Лапая руками по капоту, Кеша с трудом поднялся на ноги и, стоя по щиколотку в луже, смущенно пробормотал, обращаясь не ко мне, а к грозно рычащему автомобилю:
— Эта… Эта больше не повторится!.. Душа потекла… Уют, душевное размягчение, женская забота опять же… Валька пристала, стерва, давай отметим… Друзья, еда… Душа радуется. Праздник же у души… Понимать надо человека…
Сквозь прозрачное автомобильное стекло, полное черных теней и бликов от дворового фонаря, он жалобно взирал на меня, умоляюще кривя готовый к рыданиям рот. Потом на коленках, как безногий, подполз к дверце и прижался лбом к холодному металлу.
— Ну, убей, убей меня, брат! — слезливо завопил он, раздирая на груди истлевшие лохмотья того, что когда-то называлось рубахой. — Зарежь! Сокруши меня! Распни! — Бесцветные глаза с откровенной безуминкой выкатились из орбит.

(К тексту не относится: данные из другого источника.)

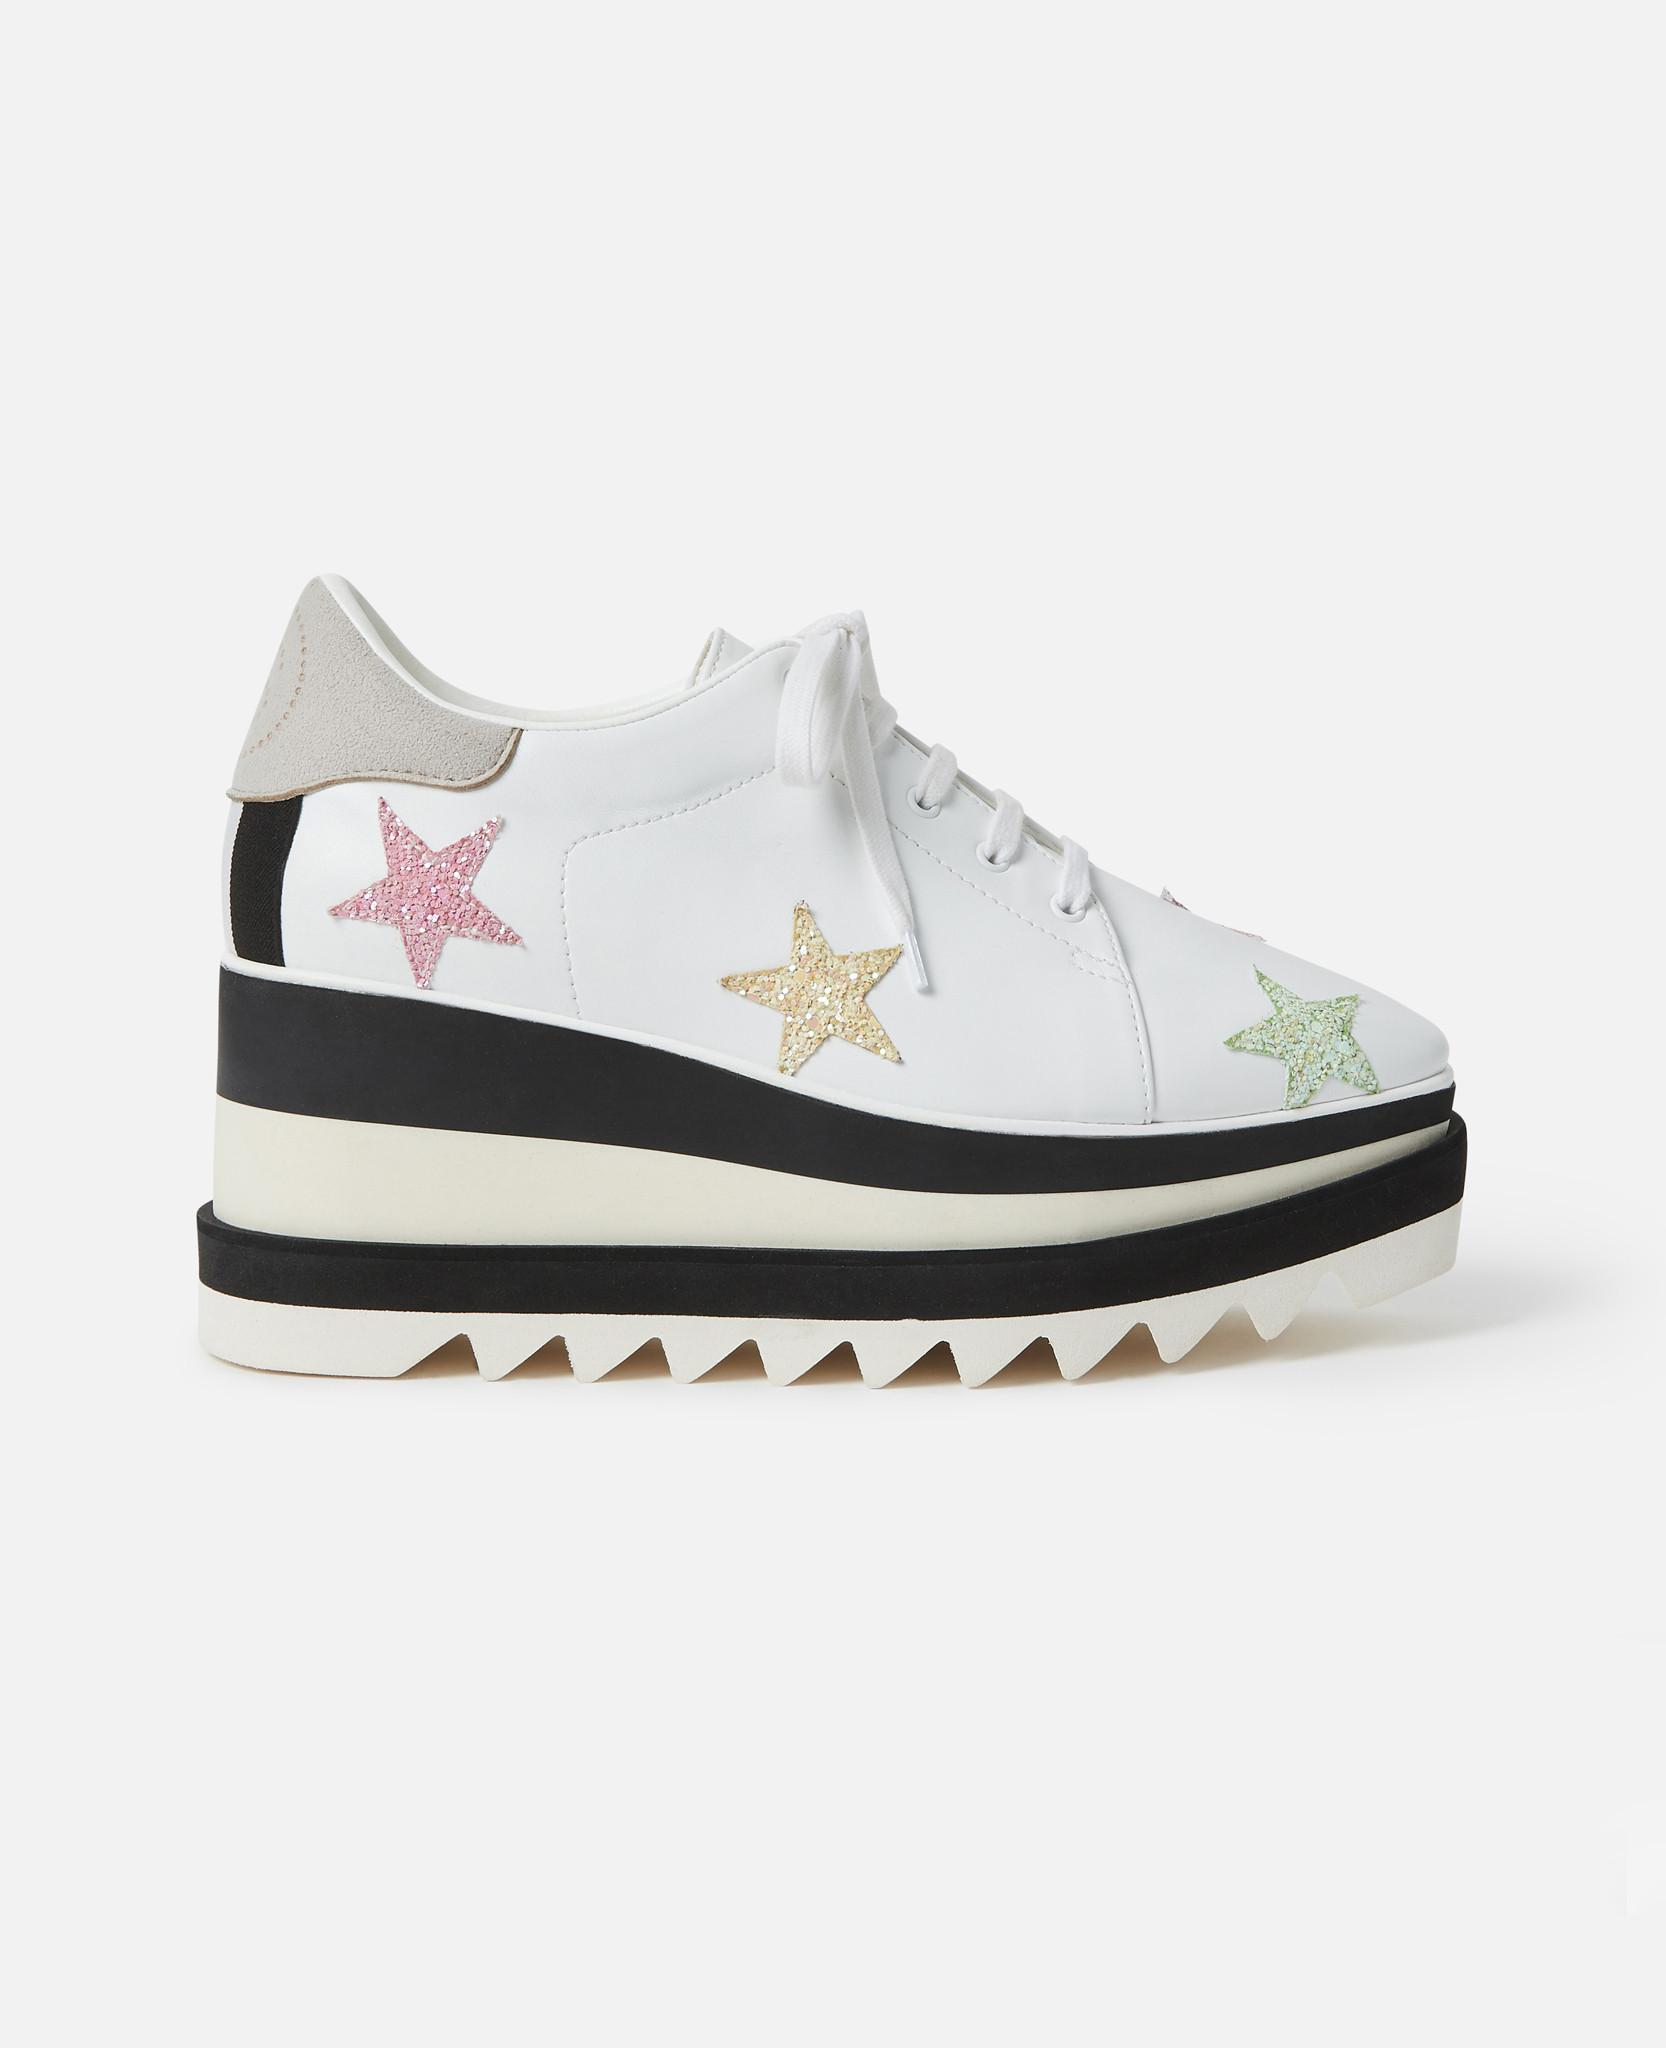 00c05e9bea5b Lyst - Stella McCartney Sneak-elyse Pastel Stars in White

Я оторопело огляделся. Припозднившиеся прохожие напрасно вглядывались в темень, пытаясь определить источник жутких завываний.

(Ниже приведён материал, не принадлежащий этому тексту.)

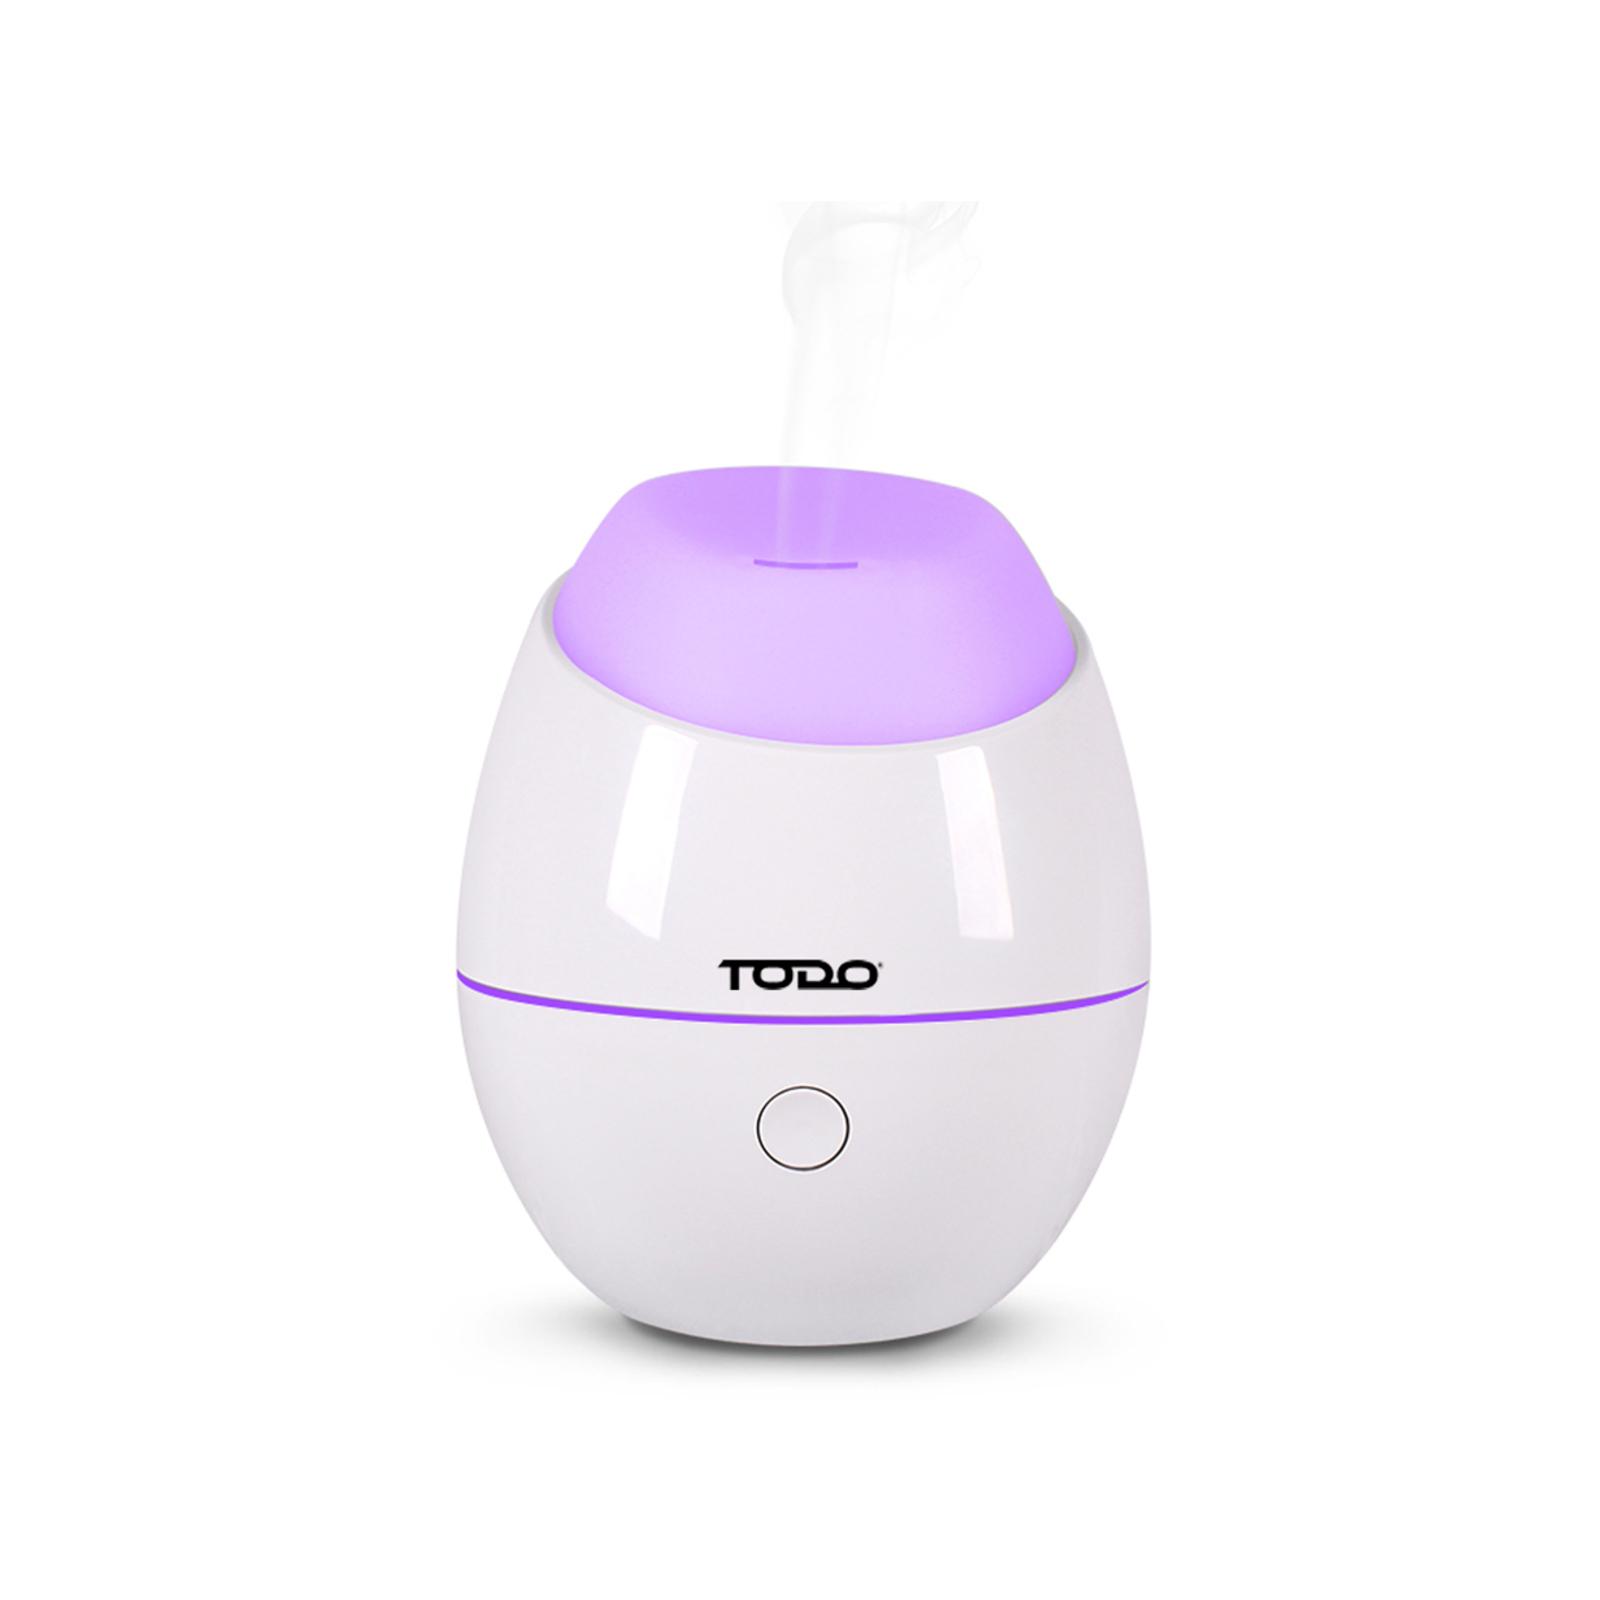 TODO 120ml Humidifier Aromatherapy Diffuser w/ LED Light - White

— Не понять тебе меня… Меня мать, может, в три года на улицу выпнула! — надрывался Кеша. При каждом вскрике из разгоряченного рта вырывались спутанные клубочки пара. — Может, меня отец избивал до синевы! Я, может, по-человечески и не жил никогда! И ты, давай, выбрось меня на улицу! В подворотню! К псам бездомным!

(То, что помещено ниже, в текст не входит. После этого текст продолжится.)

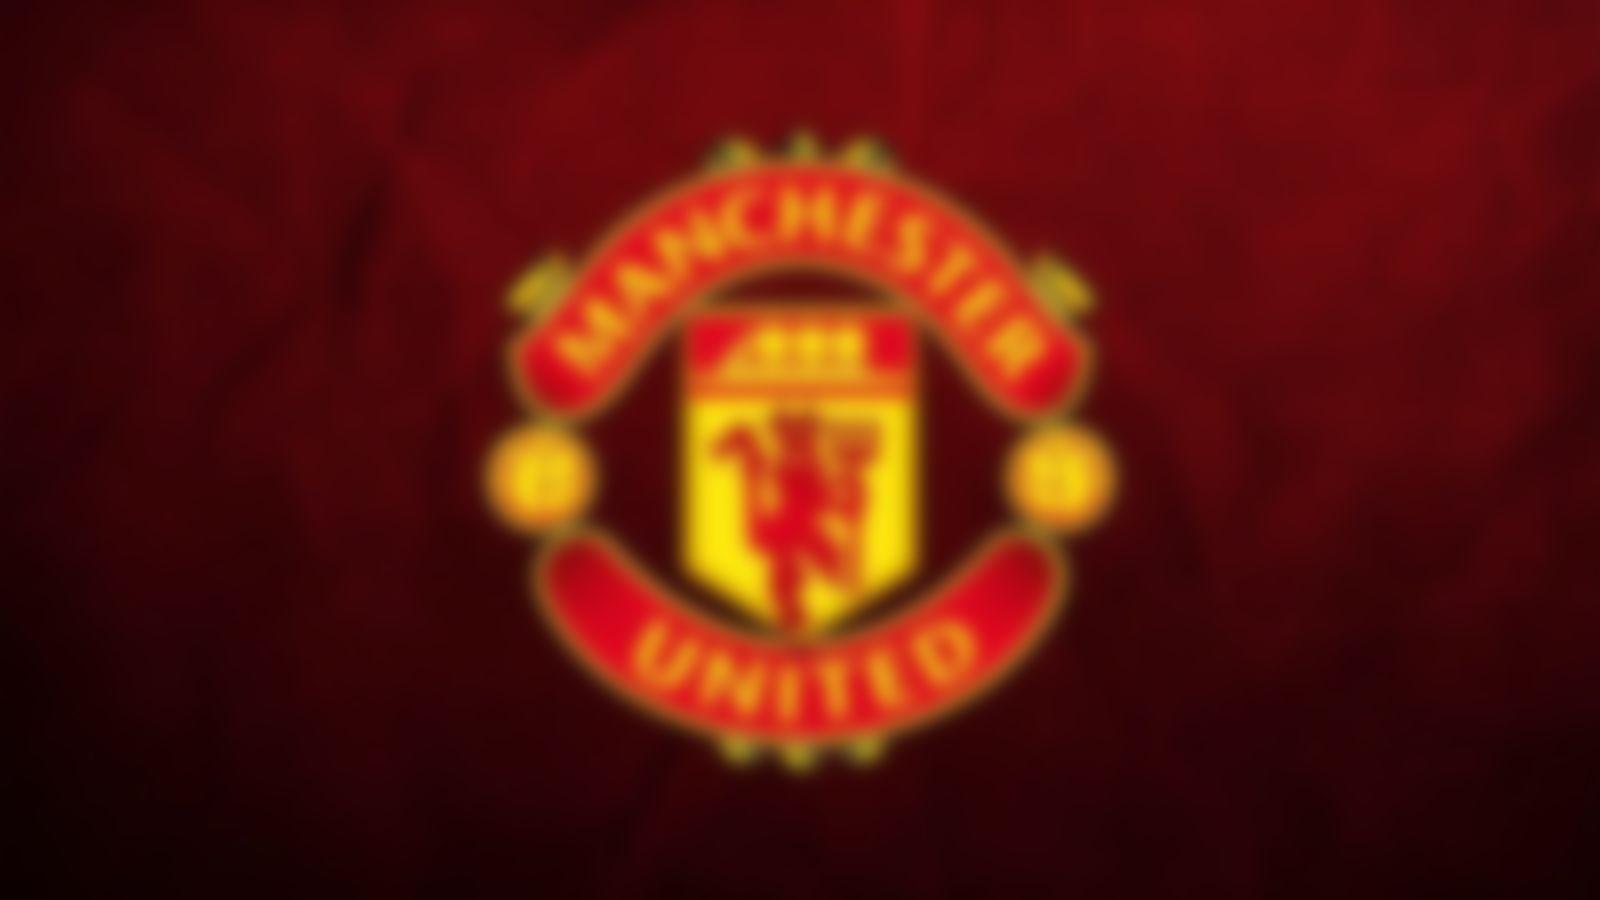 Manchester United Logo PC Wallpaper 4K HD 2020

Я нервно заерзал на сиденье. Было неприятно.
— Люди! Люди! — Кеша повалился вновь на землю и принялся громко подвывать. — Помогите! Спасите своего заблудшего собрата! Погибаю!
Хлопнула дверь подъезда, зашумели в отдалении опасливые шаги, — кто-то внял тщетным призывам, более риторическим, чем рассчитанным на помощь. Праздное внимание сочувствующего незнакомца было мне ни к чему, скандалов не люблю. Да и злость куда-то ушла, и Кешу стало немного жалко…
— Ладно надрываться-то, — устало проговорил, выходя из машины. — Пошли!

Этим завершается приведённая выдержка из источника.